Column by Nina Thayer
The recent rains have brought a wealth of wildflowers to the Pajarito Plateau including the Quemazon Nature Trail, where I hiked recently.
Quemazon, which is a local Spanish word for “burned”, is indeed that. The entire mountainside was consumed with crown fire in the Cerro Grande Wildfire 12 years ago.
The nature trail was completely restored in the years after the fire by more than 250 Mountain School students and reopened by the County in 2004.
The trailhead is located off of Trinity Drive in the Western Area.
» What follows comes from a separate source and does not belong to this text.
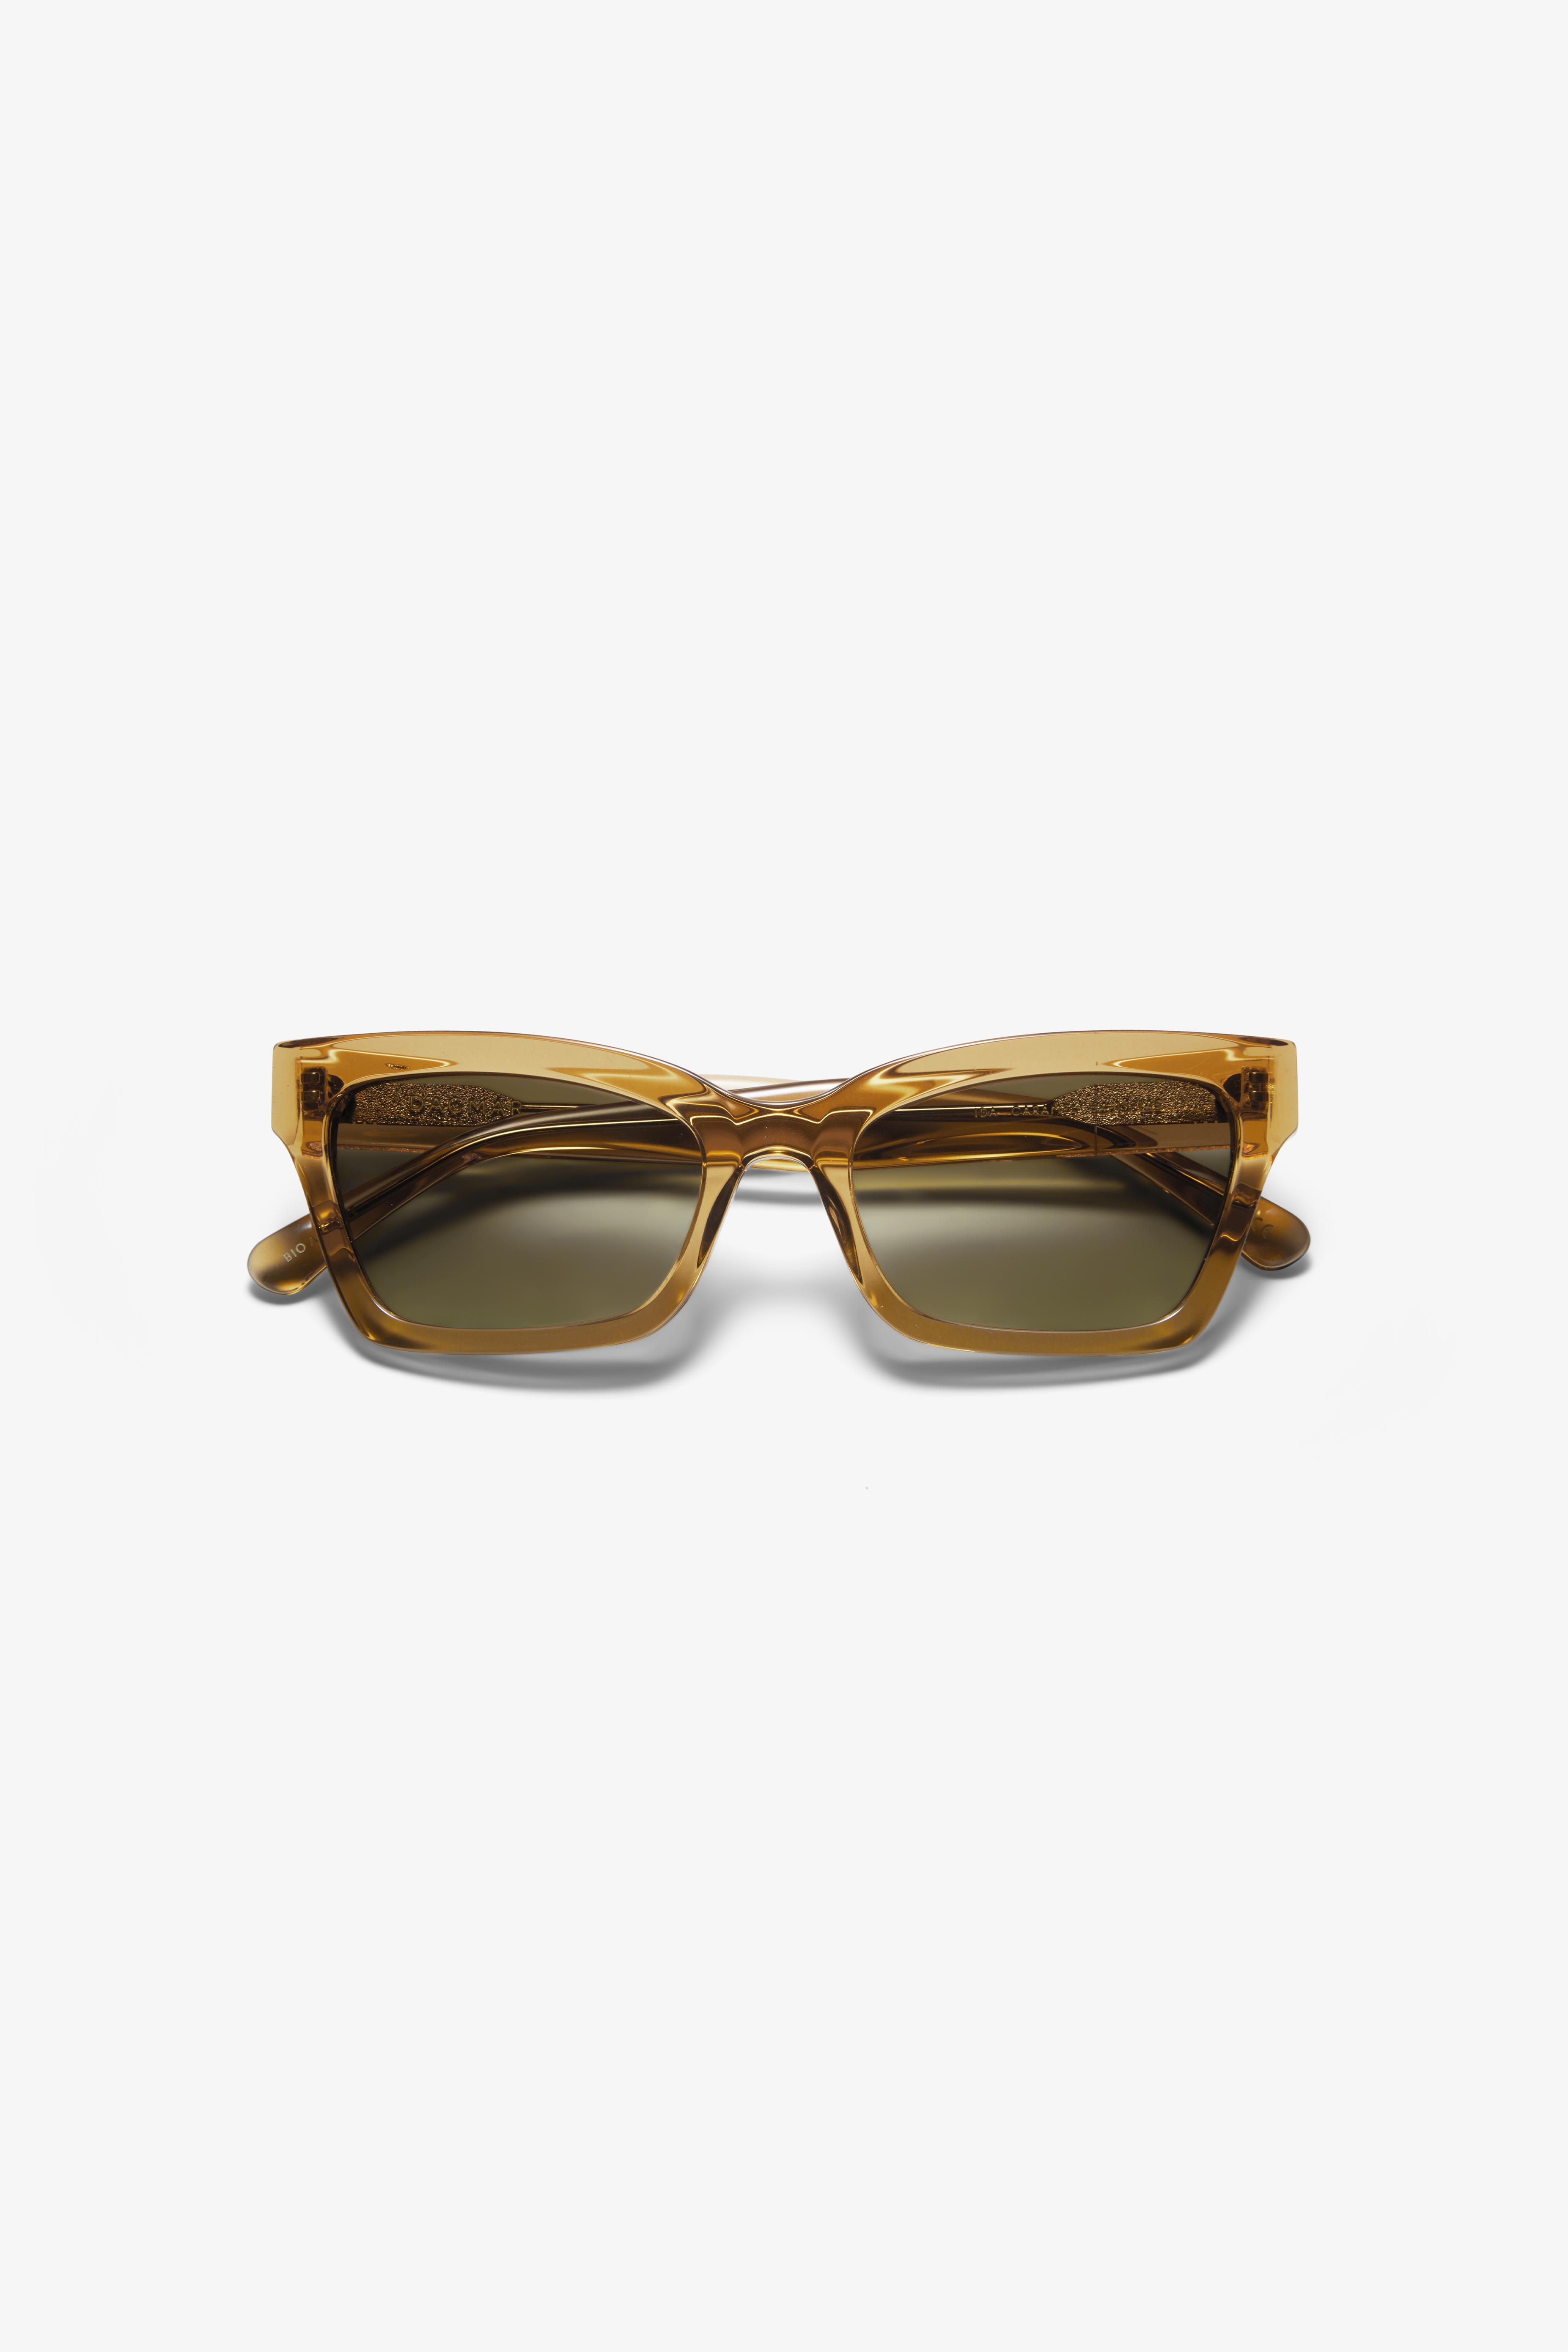 Angled sunglasses för 1260 kr på Dagmar

Bear left to remain on Trinity at 48th Street and then immediately turn left onto the paved utility road.
Park in the dirt opening on the right near the trailhead signs. Follow the dirt utility road west for the first quarter mile until you pass a green metal gate and water tower.
The trail starts to the left and is marked, “Nature Trail 287A.”
Gayfeather. Photo by Nina Thayer
Within 100 feet of leaving my vehicle, I entered the burn scar and was greeted by a low attractive plant with many blue-purple flowers on spikes from 8-14 inches high named Gayfeather.
The small flowers each have long tongues sticking out giving the appearance of being soft and feathery.
The predominant flowers in the burn scar are the many small yellow composites, of which I will mention four. The first I saw was the small bushy plant, Golden Eye (called Golden Aster by Dorothy Hoard), which blooms from mid June until snowfall with small wavy leaves alternating along its stem. Bahia is one of the last of the yellow composites to make its appearance.
While the small yellow blooms look like Golden Eye, the plant shape is very different.
Bahia. Photo by Nina Thayer
Bahia is a larger plant with fewer leaves and small blooms on the ends of many branching near-leafless stems. Your sharp eyes may also spot Gumweed, with its curious sticky disk flowers and no ray flowers (petals) at all and several species of Goldenrod.
Further on as the road curves right, you will find an area that contains all the glorious colors together, purple Gayfeather, yellow Golden Eye and Goldenrod and red Indian Paintbrush and Scarlet Gilia (“g” pronounced as “j”) also called Skyrocket.
Skyrocket. Photo by Nina Thayer
To my eye, Skyrocket is a real showstopper, with its stunning 2-3 ft. tall spikes of small red trumpet-shaped flowers.
Golden Eye. Photo by Nina Thayer
Not far beyond I arrived at the numbered nature trail, which winds its way across the mountain. At marker #3 turn left (east) and count the number of new 1-12 foot Ponderosa pines you can see on the slope below you.
Some are a result of the post-fire reseeding while others are volunteers. Note, there are a few new aspen nearby, some almost 20-feet tall.
At marker #12 I identified Purple Geranium (also called James Geranium), yellow Goldenrod and Bahia all within several feet of the marker.
Past marker #15 the trail skirts Los Alamos Canyon, climbs 50 feet and then turns back right (north) at a Ponderosa with an ugly twisted branch several feet up it’s trunk.
At marker #17 stop and enjoy the spectacular view of the entire Pajarito Plateau, the Los Alamos Canyon Bridge and the Sangre de Cristo Mountains in the distance.
Alpine Goldenrod. Photo by Nina Thayer
From here the trail immediately switches back and starts a steep climb. Those wanting a vigorous hike should continue a half mile past the last marker (#28), turn right onto the utility road and follow the loop back to the trailhead.
For those who are out for a Sunday stroll, turn back and return to the trailhead parking.
Either path you choose you will have witnessed up close the awesome restorative power of nature here in our own backyards.